L’attentat de Piazza Fontana révèle l’existence de connivences entre des secteurs de l’appareil d’État et les mouvements néofascistes (Ordine Nuovo, Avanguardia Nazionale). Pour l’opinion de gauche, il existe une menace néofasciste qui suscite un antifascisme militant à l’extrême-gauche, (avec par exemple le slogan « tuer un fasciste n’est pas un crime »). Le passage d’un antifascisme militant vers la lutte armée et le terrorisme ne procède cependant d’aucun automatisme.

Le dernier chapitre de l’ouvrage est spécifiquement consacré aux années 1970, les « années de plomb ». Jusqu’en 1974, la violence terroriste fut d’abord le fait des mouvements néofascistes. A partir de cette date, le problème central devient celui du terrorisme de gauche.

Les forces de l’ordre reviennent dans la décennie 70 au mode répressif des années 50, même si l’usage des armes à feu demeure occasionnel. Ce choix d’une politique de confrontation a provoqué la mort de 19 personnes entre 1970 et 1979. L’agressivité croissante des cortèges, l’emploi de cocktails molotovs puis d’armes à feu à partir de 1977, précipitent l’introduction de nouvelles techniques de maintien de l’ordre.

En France, le ministre de l’intérieur Raymond Marcellin, réactive la loi du 10 janvier 1936 autorisant la dissolution des ligues. En 1970, la loi « anti-casseurs » est votée, elle lui permet de frapper la Gauche prolétarienne. En Italie, les organisations de la gauche extra-parlementaire ne sont pas dissoutes même si l’État y a un temps songé. Il recule sous la pression de la police qui craint un risque de basculement dans la clandestinité.

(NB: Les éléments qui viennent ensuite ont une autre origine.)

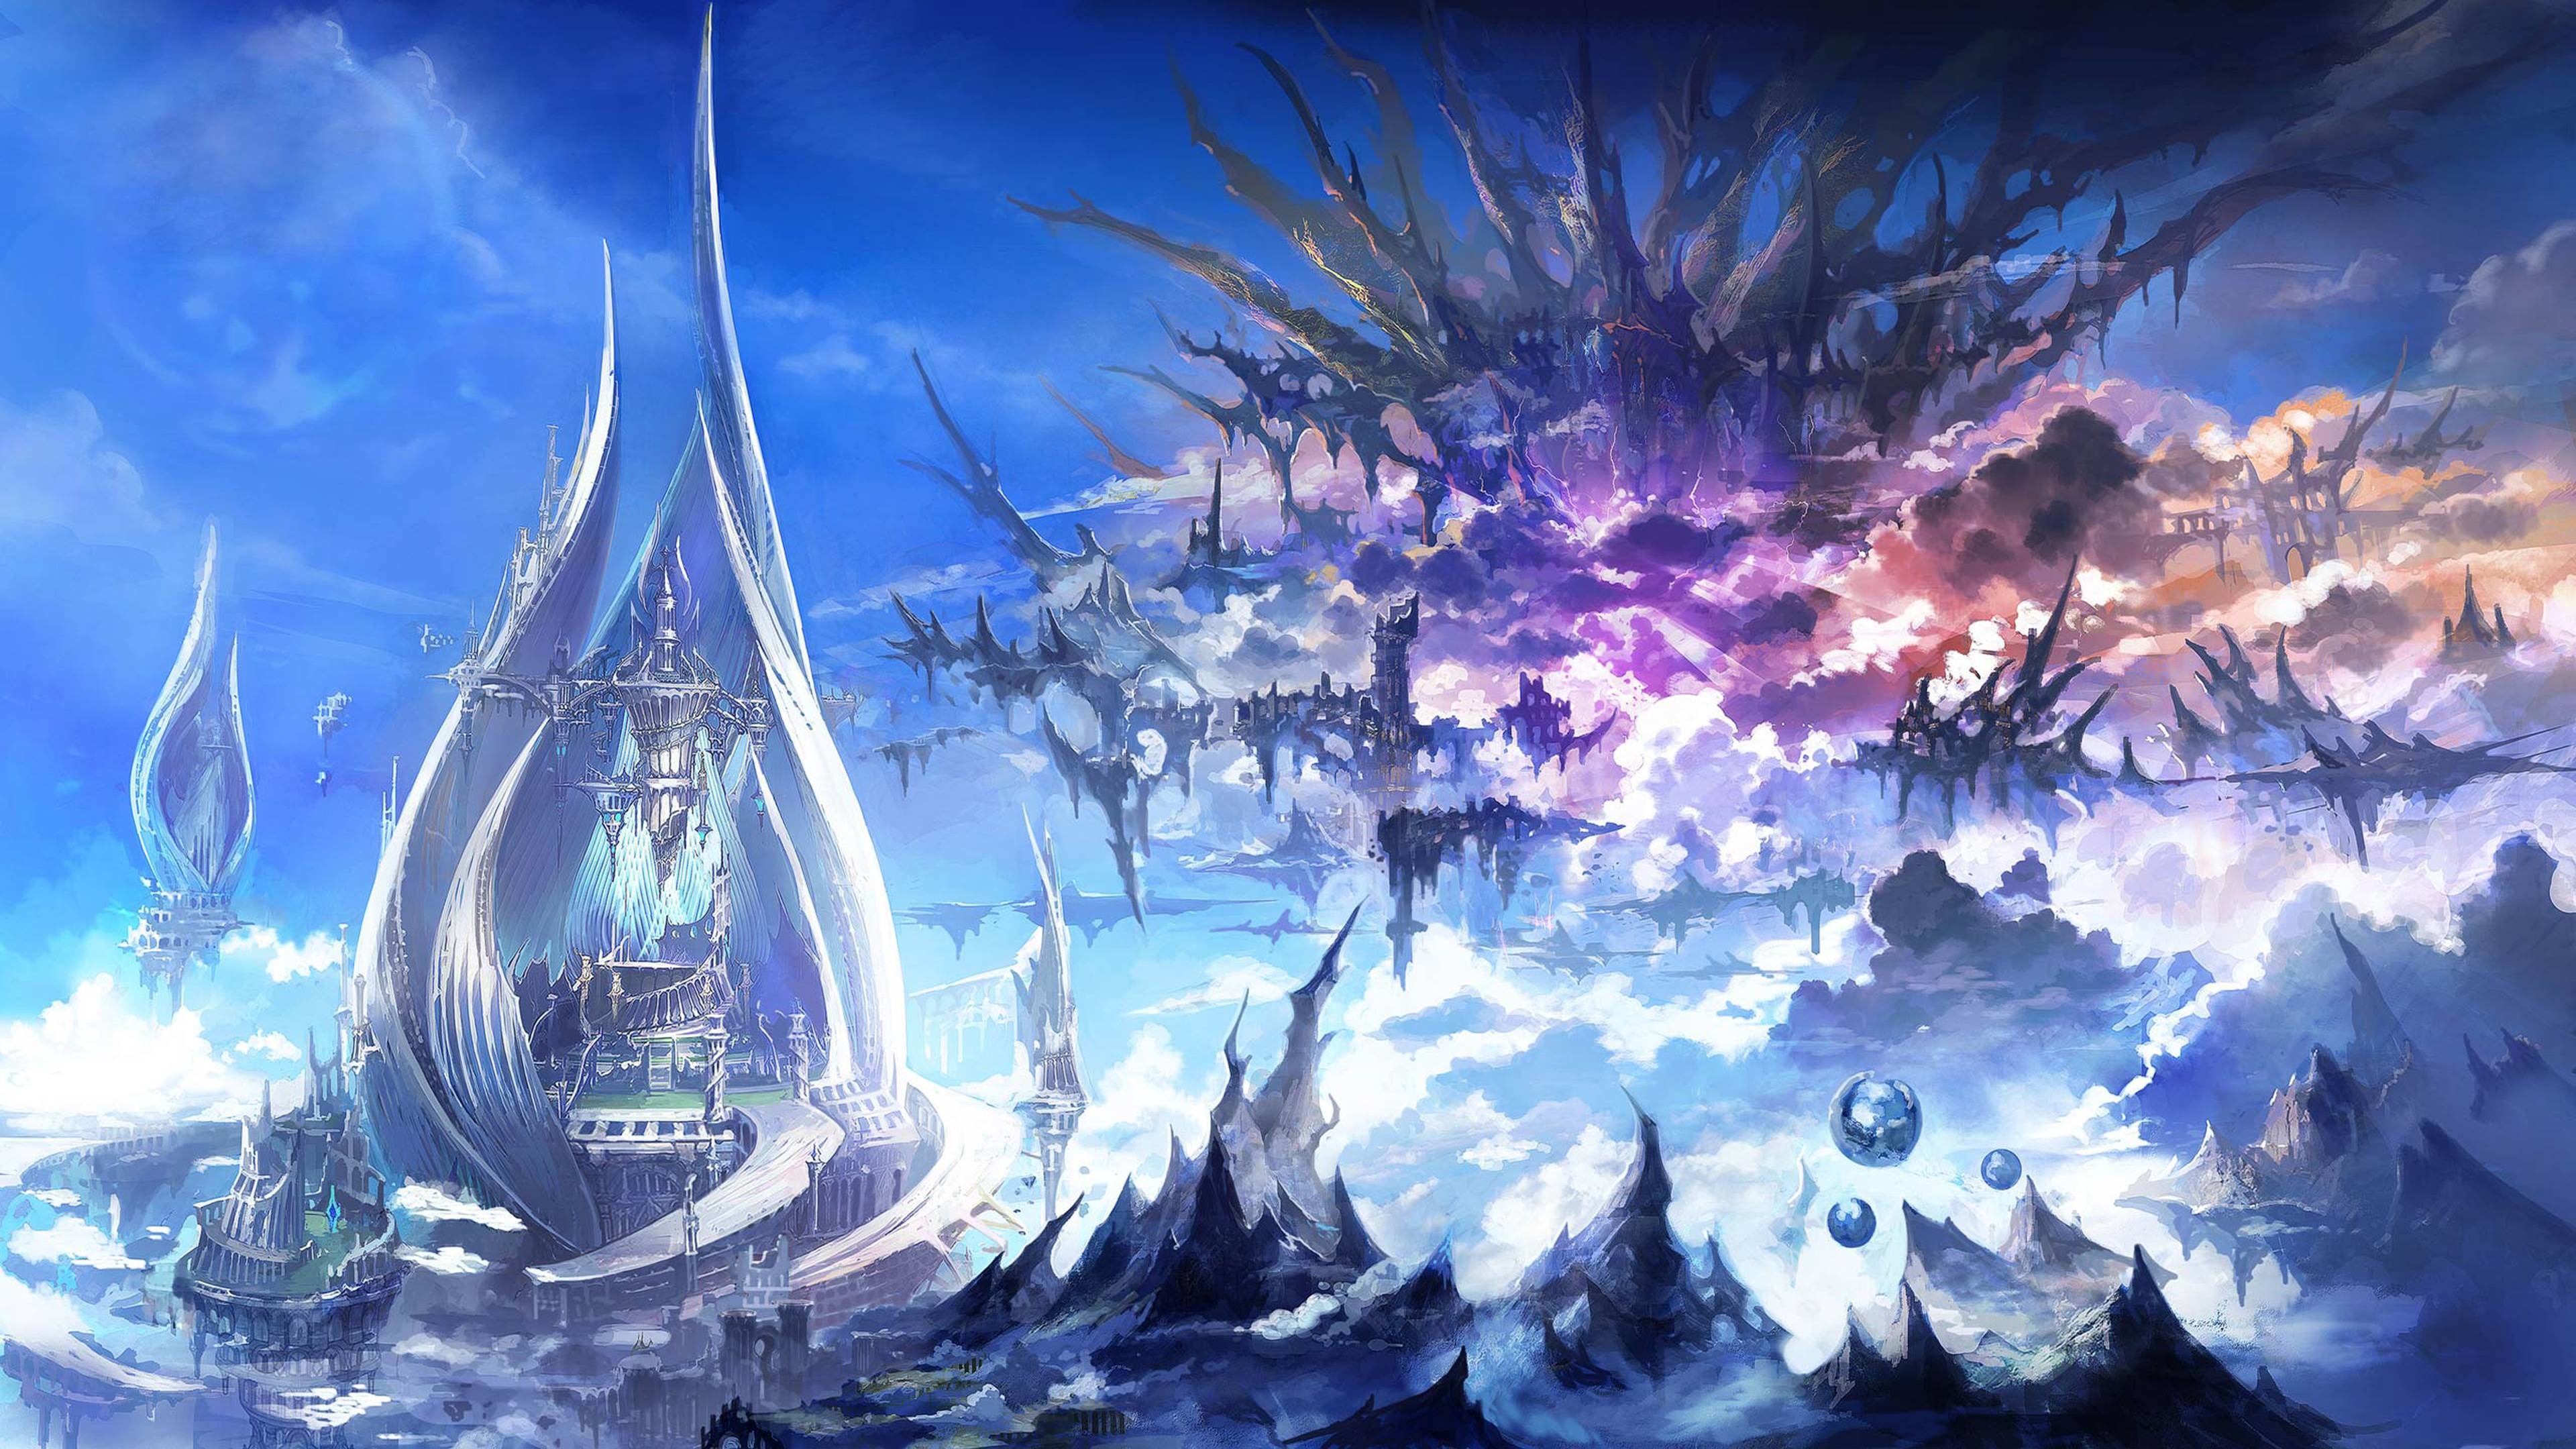 final fantasy 14 wallpaper,cg artwork,sky,world,strategy video game,ghost ship

L’auteur compare ensuite le rapport à la violence de certains de ces mouvements.

Potere Operaio était organisé comme l’avant-garde du prolétariat sur le modèle léniniste, avec en son sein, un mouvement clandestin, le FARO. On retrouve le même type d’organisation chez Autonomie ouvrière après la dissolution de Potere Operaio en 1973. La militarisation des actions politiques menées par ces deux organisations conduisent le plus souvent à transformer la violence des cortèges en une violence offensive contre des cibles sensible. La trajectoire de Lotta Continua (LC), organisation la plus importante a l’extrême-gauche, a été différente. Lotta Continua avait un mode d’organisation très éloigné du modèle léniniste de Potere Operaio. Elle connaît une militarisation forte à partir de 1972, mais entre 1973 et 1974, LC s’oppose à l’option clandestine des Brigades Rouges (BR). Après la dissolution de l’organisation, le journal Lotta continua s’oppose à la lutte armée. Au moment de l’affaire Moro en 1978, le journal se définit comme « ni avec l’État ni avec les BR ».

De leur naissance jusqu’en 1972, les actions des BR sont assez similaires à celle des autres groupes. A partir de l’enlèvement des dirigeants de la Sit Siemens en 1972, les principaux membres des BR sont arrêtés. Mais, l’organisation renaît de ses cendres, se réorganise, attire de nombreux nouveaux militants et décide de porter « l’attaque au coeur de l’État  ». Cette capacité à surmonter de graves revers est aussi une particularité du terrorisme de gauche italien.

L’ouvrage de Marco Grispigni est un livre engagé dans lequel l’auteur défend ses thèses et analyses avec conviction, souvent avec persuasion. On peut toutefois regretter l’absence d’une véritable conclusion. La bibliographie, très largement basée sur des ouvrages en italien, est indiquée dans les notes de bas de page. Une bibliographie en fin d’ouvrage, thématique ou par chapitre, aurait été la bienvenue. Enfin, s’il tente d’offrir une vision globale de la question traitée, l’ouvrage nécessite pour le lecteur français d’avoir une assez bonne connaissance du contexte politique italien des années 1960 et 1970. Ce livre n’en demeure pas moins très intéressant et agréable à lire. Il propose des pistes de réflexion intéressantes et originales. Dans la profusion des livres publiés en France pour l’anniversaire des évènements de 1968, il permet de décentrer notre point de vue. En s’appuyant sur une analyse comparative, trop rarement menée, il revient de façon convaincante, sur le caractère politique de la violence des ces « années de plomb ».